Namely, in the prior art lead frame with the beam-shaped leads
(external connection terminals) extending in a comb shape from the
frame portions toward the die-pad portion, there has been a problem
in that the demand for increasing the number of terminals is not
necessarily satisfied.
[0011] The applicant of this application has proposed one approach
to solve such a problem (Japanese Patent Application No.
2001-262876, laid open on Mar. 14, 2003 (Japanese Patent Laid-Open
No. 2003-78094)). The specification and drawings of this
application describe a lead frame including a plurality of
land-like external connection terminals arranged in a lattice
pattern in a region between the frame portions and the die-pad
portion, instead of the prior art beam-shaped leads. According to
the lead frame, the number of terminals can be relatively increased
compared with the prior art lead frame with the beam-shaped leads
(external connection terminals) extending in a comb shape.
[0012] The lead frame is provided with the die-pad portion as in
the prior art. The size (area occupied in the lead frame) of the
die-pad portion is fixedly determined in accordance with the size
of the semiconductor element (chip) to be mounted. In other words,
one lead frame corresponds to one type of chip size. Therefore,
there is a disadvantage in that it is required to manufacture a
lead frame in exclusive use for each type of chip to be mounted,
and thus there is room for improvement.
SUMMARY OF THE INVENTION
[0013] An object of the present invention is to provide a lead
frame which can cope with a plurality of sizes of semiconductor
elements (chips) to be mounted, independently of the sizes thereof
and to provide a method of manufacturing the lead frame.
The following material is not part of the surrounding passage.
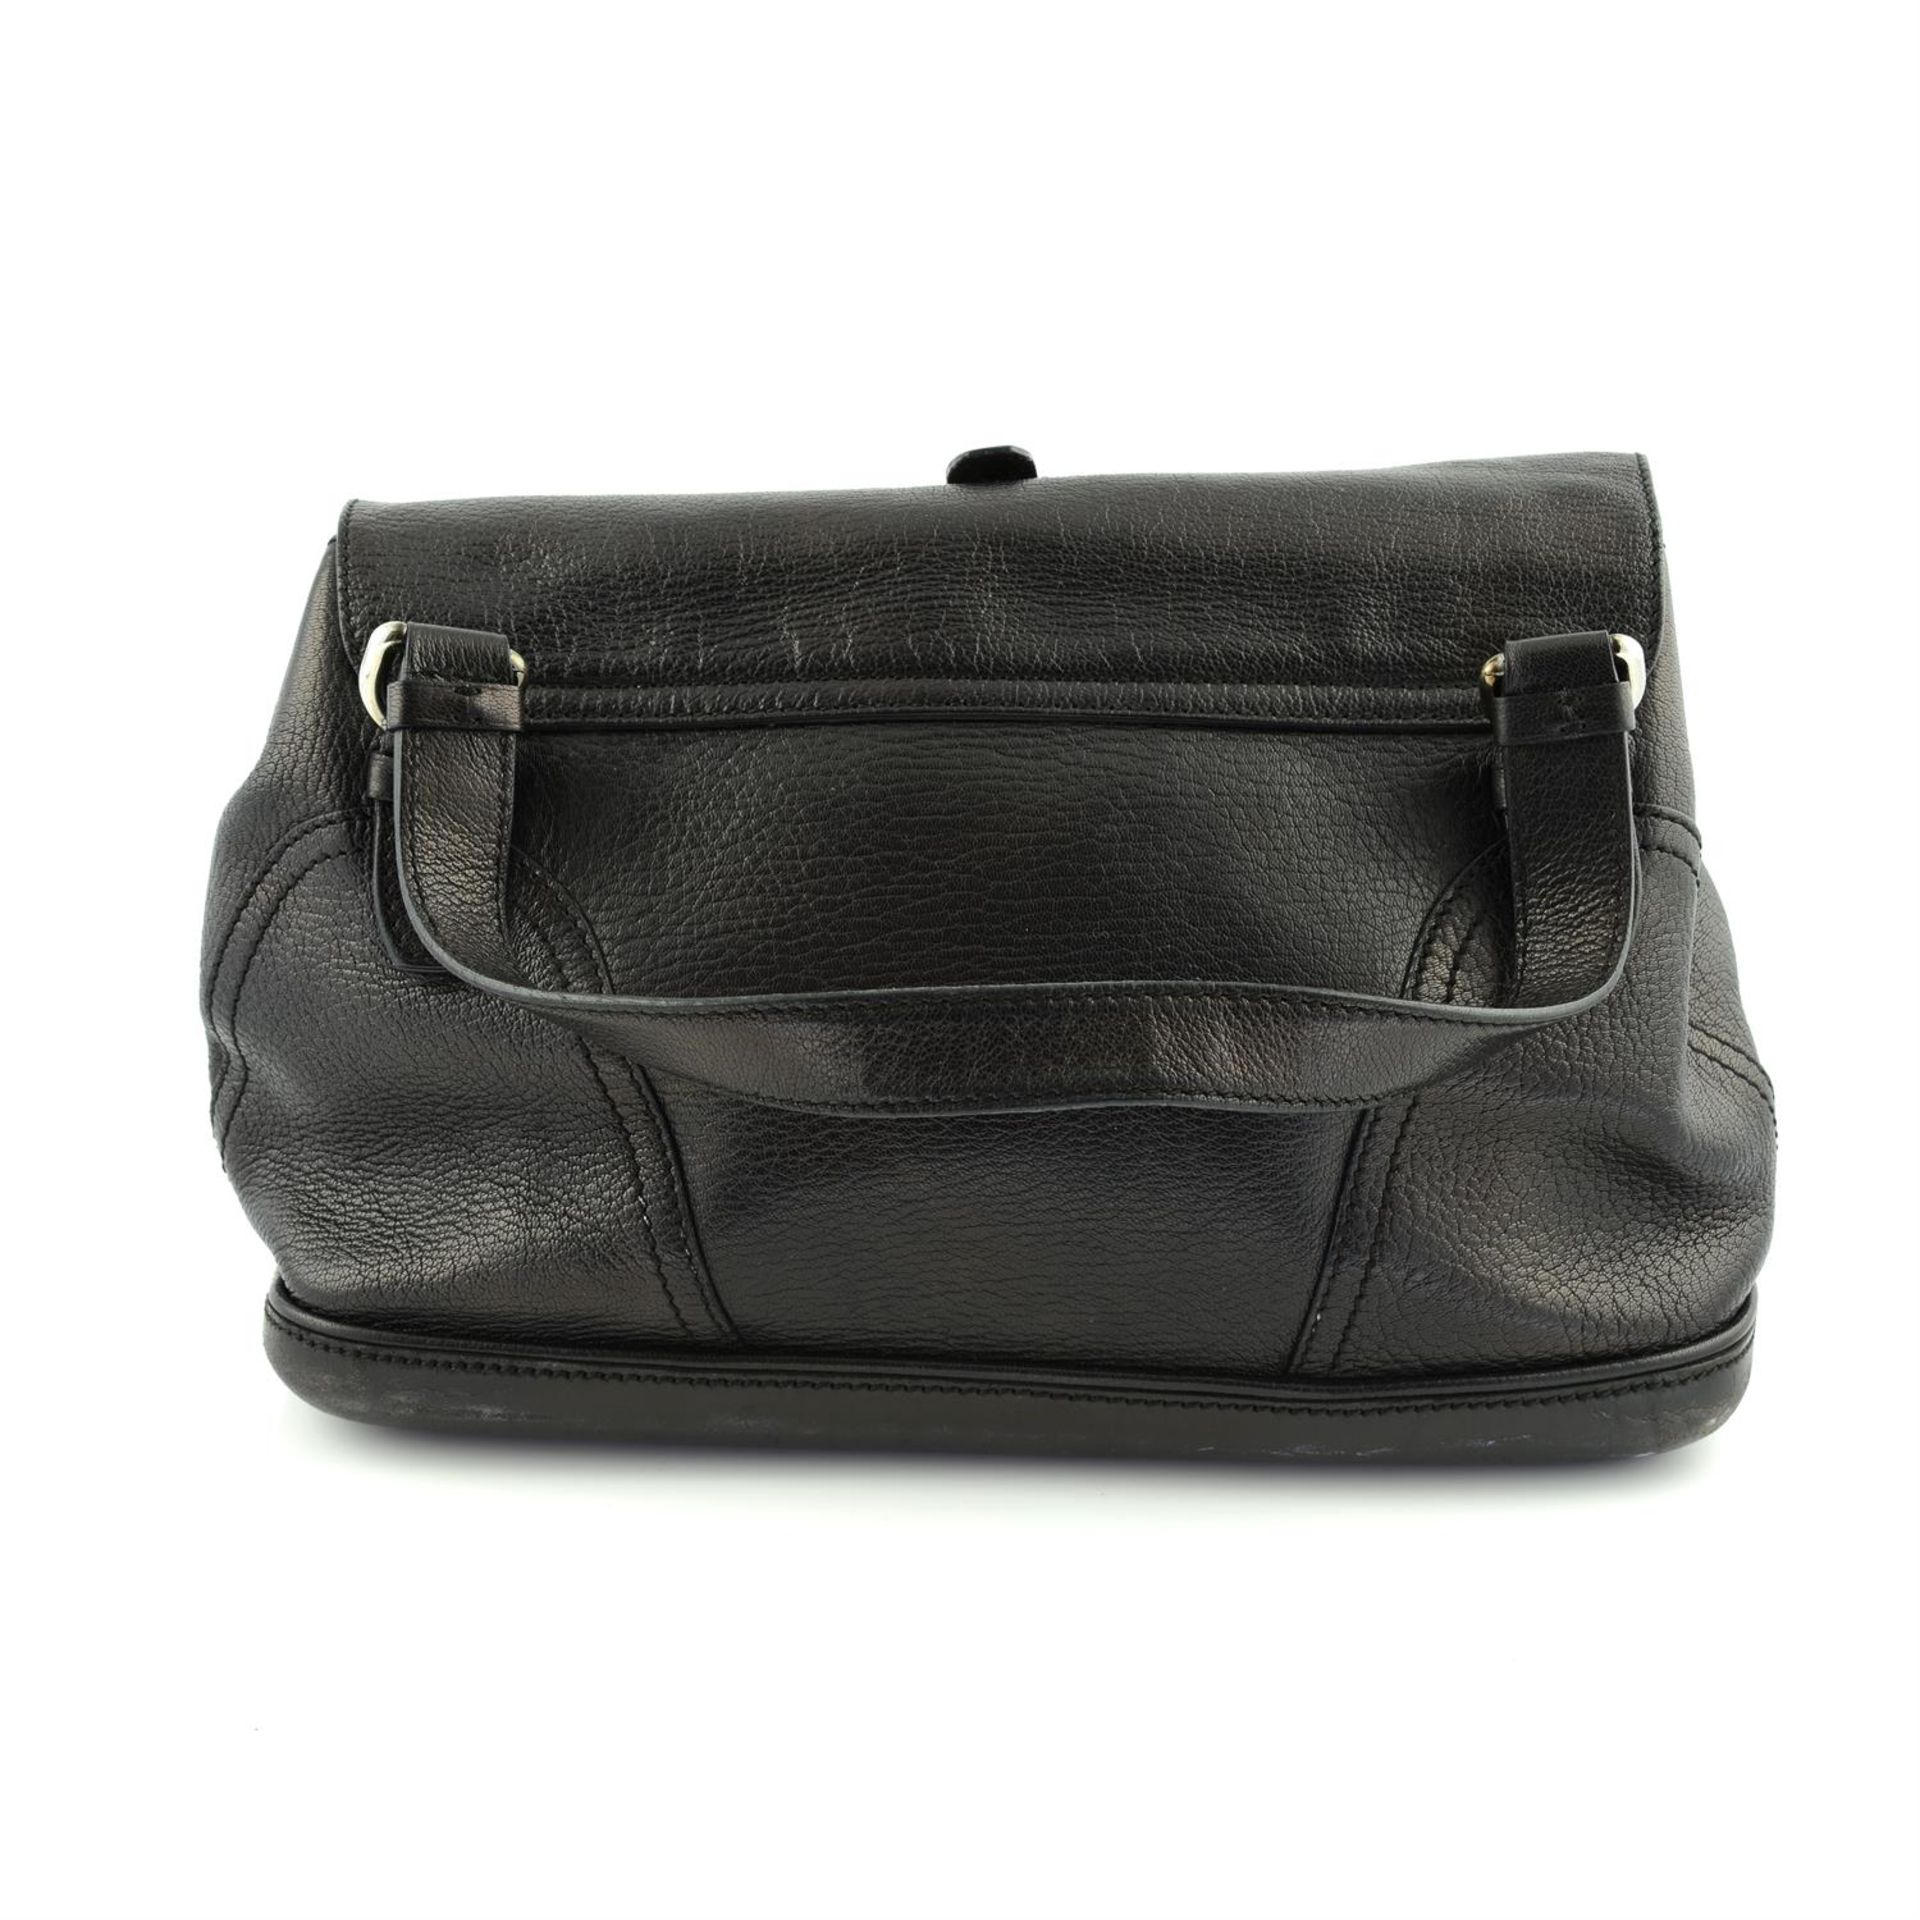 CÉLINE - a black leather handbag. - Image 2 of 6
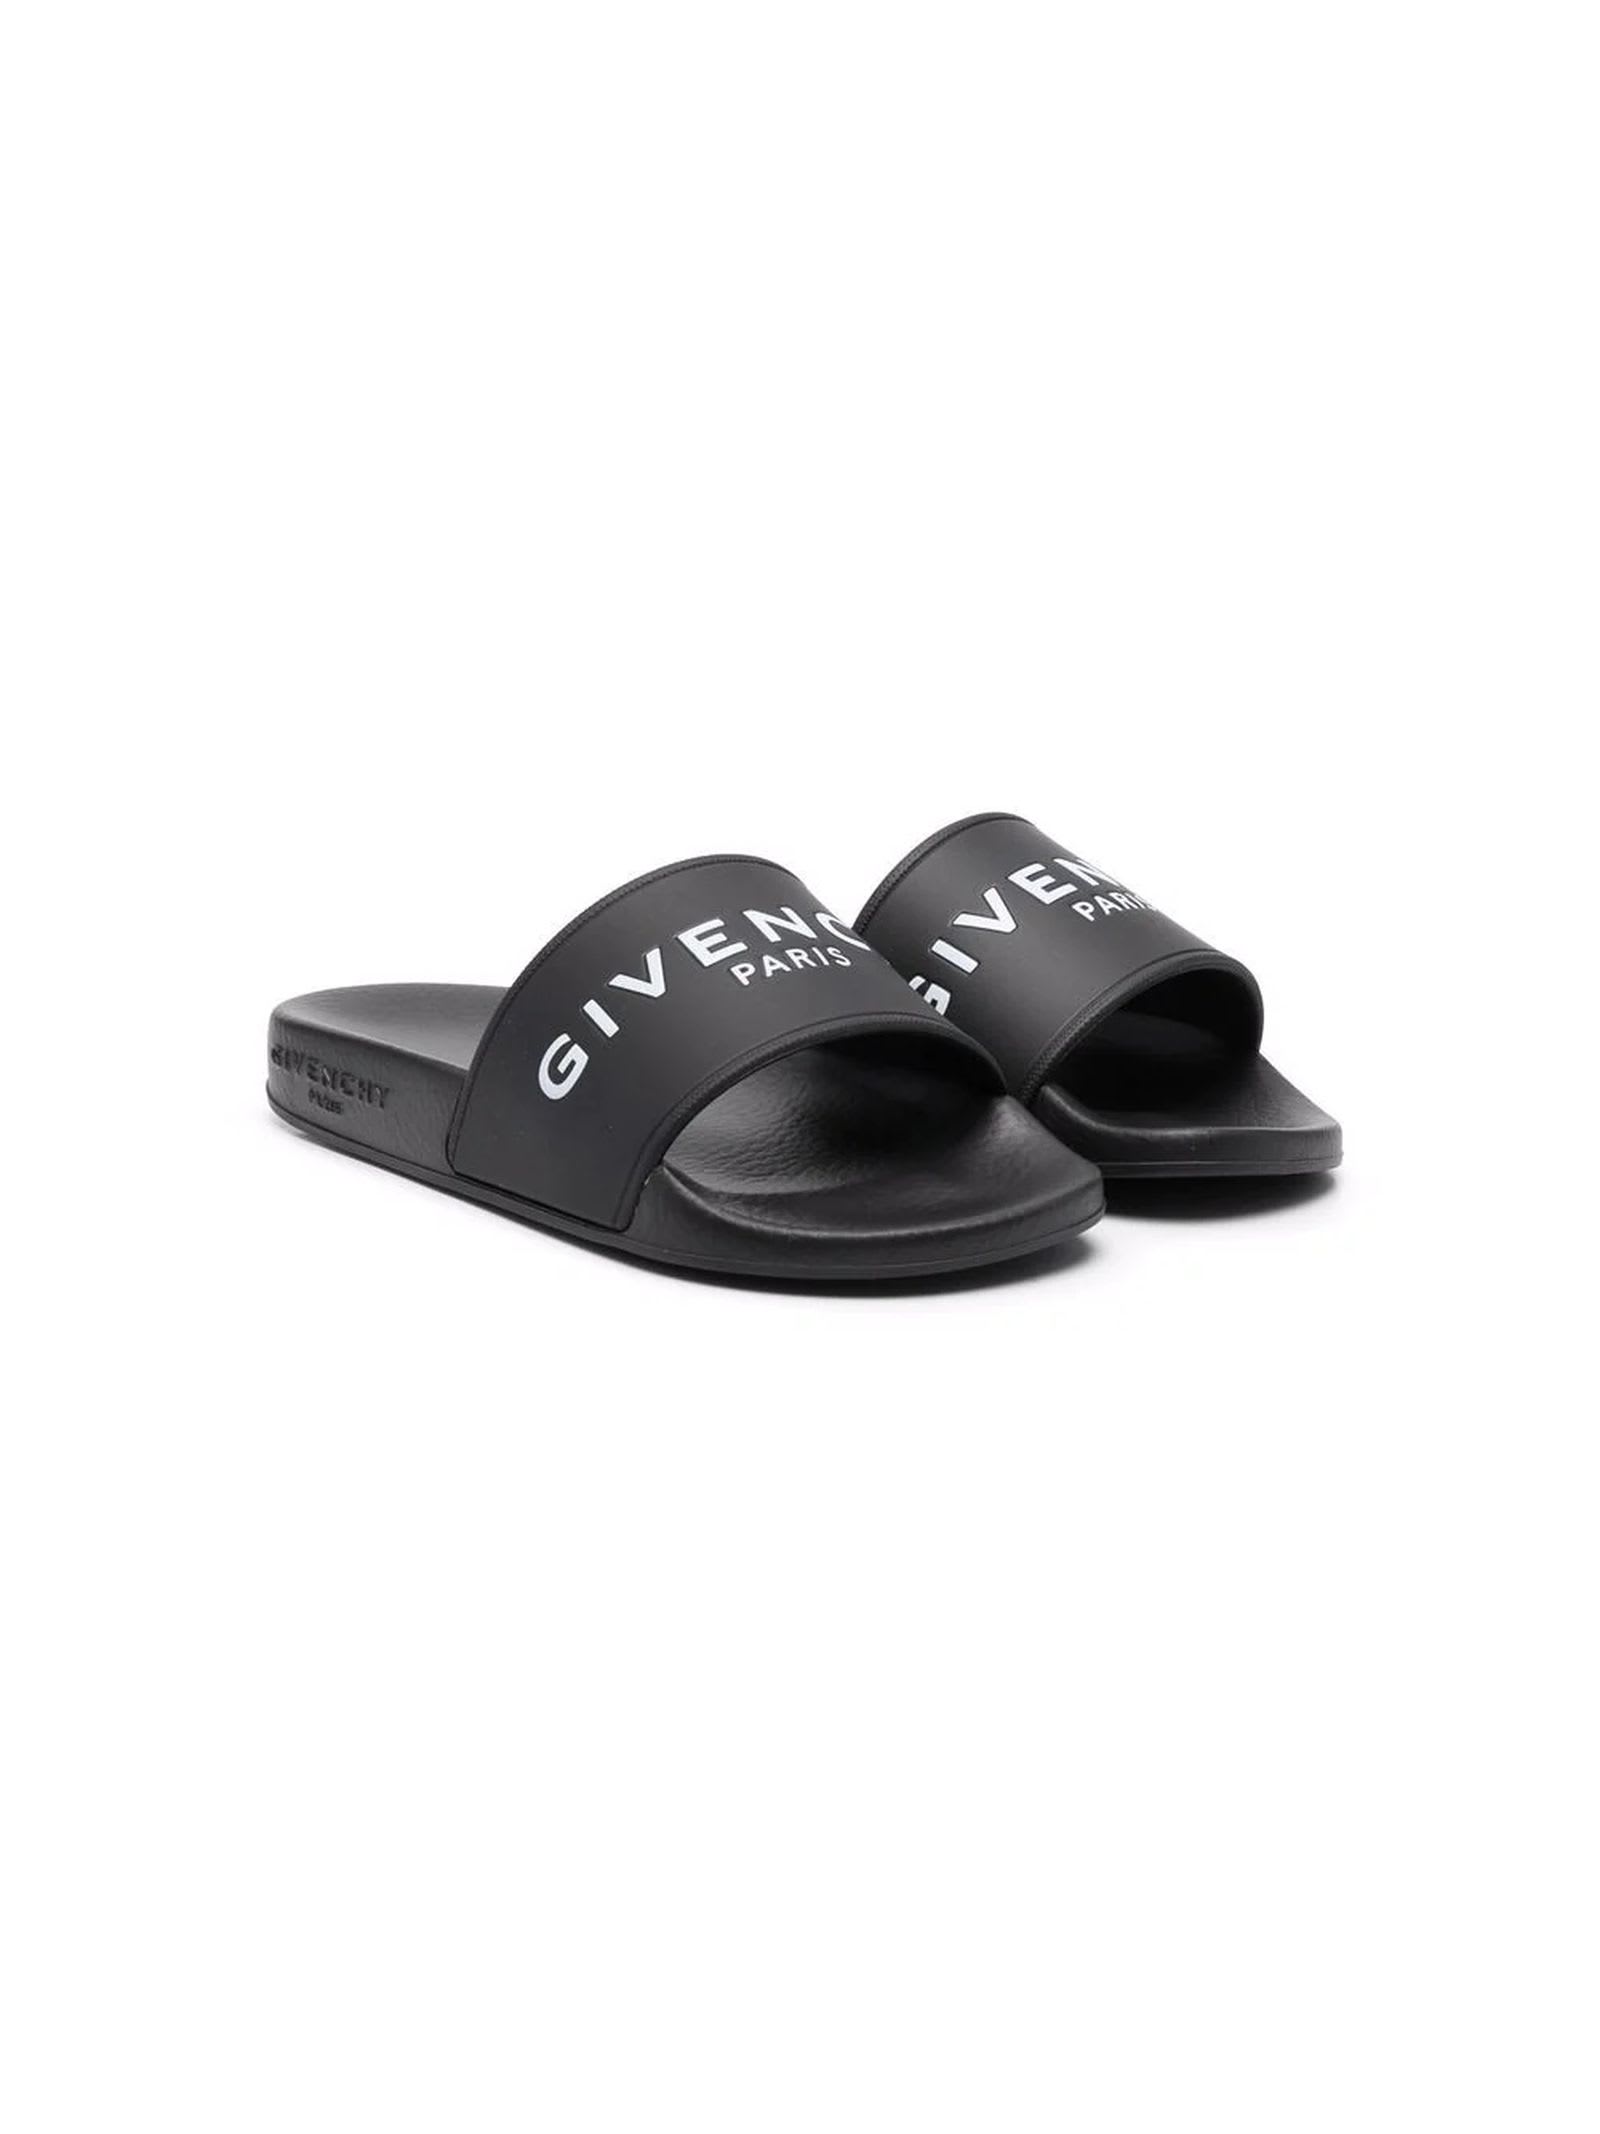 Givenchy Black Pvc Slippers

Moreover,
the lead frame allows a plurality of chips to be mounted in one
package (semiconductor device) and also contributes to an increase
in the number of terminals.
[0014] To attain the above object, according to one aspect of the
present invention, there is provided a lead frame including a frame
portion, and a plurality of land-like conductor portions arranged
in a lattice pattern within a region surrounded by the frame
portion, wherein the frame portion and the plurality of land-like
conductor portions are supported by an adhesive tape.
[0015] According to the constitution of the lead frame of this
aspect, since the plurality of land-like conductor portions are
arranged in a lattice pattern within the region surrounded by the
frame portion, some of the land-like conductor portions can be used
as a substitute for a die-pad portion in accordance with the size
of a semiconductor element (chip) to be mounted. Namely, instead of
a prior art die-pad portion whose size is fixedly determined in
accordance with the chip size, the plurality of land-like conductor
portions are arranged in a lattice pattern and the necessary number
of land-like conductor portions can be substituted for the die-pad
portion. Accordingly, it is possible to cope with a plurality of
chip sizes using one lead frame, independently of the chip
sizes.
[0016] Also, since the lead frame allows chips with arbitrary sizes
to be mounted, a plurality of chips can be mounted in one package
(semiconductor device).
[0017] Furthermore, since the plurality of land-like conductor
portions (some of them are used as a substitute for the die-pad
portion) used as external connection terminals are arranged in a
lattice pattern within the region surrounded by the frame portion,
the number of terminals can be relatively increased compared with
the prior art lead frame with beam-shaped leads (corresponding to
the external connection terminals) extending in a comb shape from
the frame portion toward the die-pad portion (realization of chips
with terminals increased).
[0018] Also, according to another aspect of the present invention,
there is provided a method of manufacturing a lead frame, including
the steps of: forming a base frame including a frame portion and a
plurality of leads which are arranged in a direction orthogonal to
each other within a region surrounded by the frame portion and
connected to the frame portion, by etching or stamping a metal
plate; forming recess portions by half etching, at portions other
than portions where the leads intersect each other and the frame
portion, of one surface of the base frame; attaching an adhesive
tape to the surface of the base frame where the recess portions are
formed; and cutting off portions of the leads where the recess
portions are formed.
[0019] According to the method of manufacturing a lead frame of
this aspect, the portions of the leads where the recess portions
are formed are finally cut off so as to form a structure including
the leads discontinuously arranged to be orthogonal to each other.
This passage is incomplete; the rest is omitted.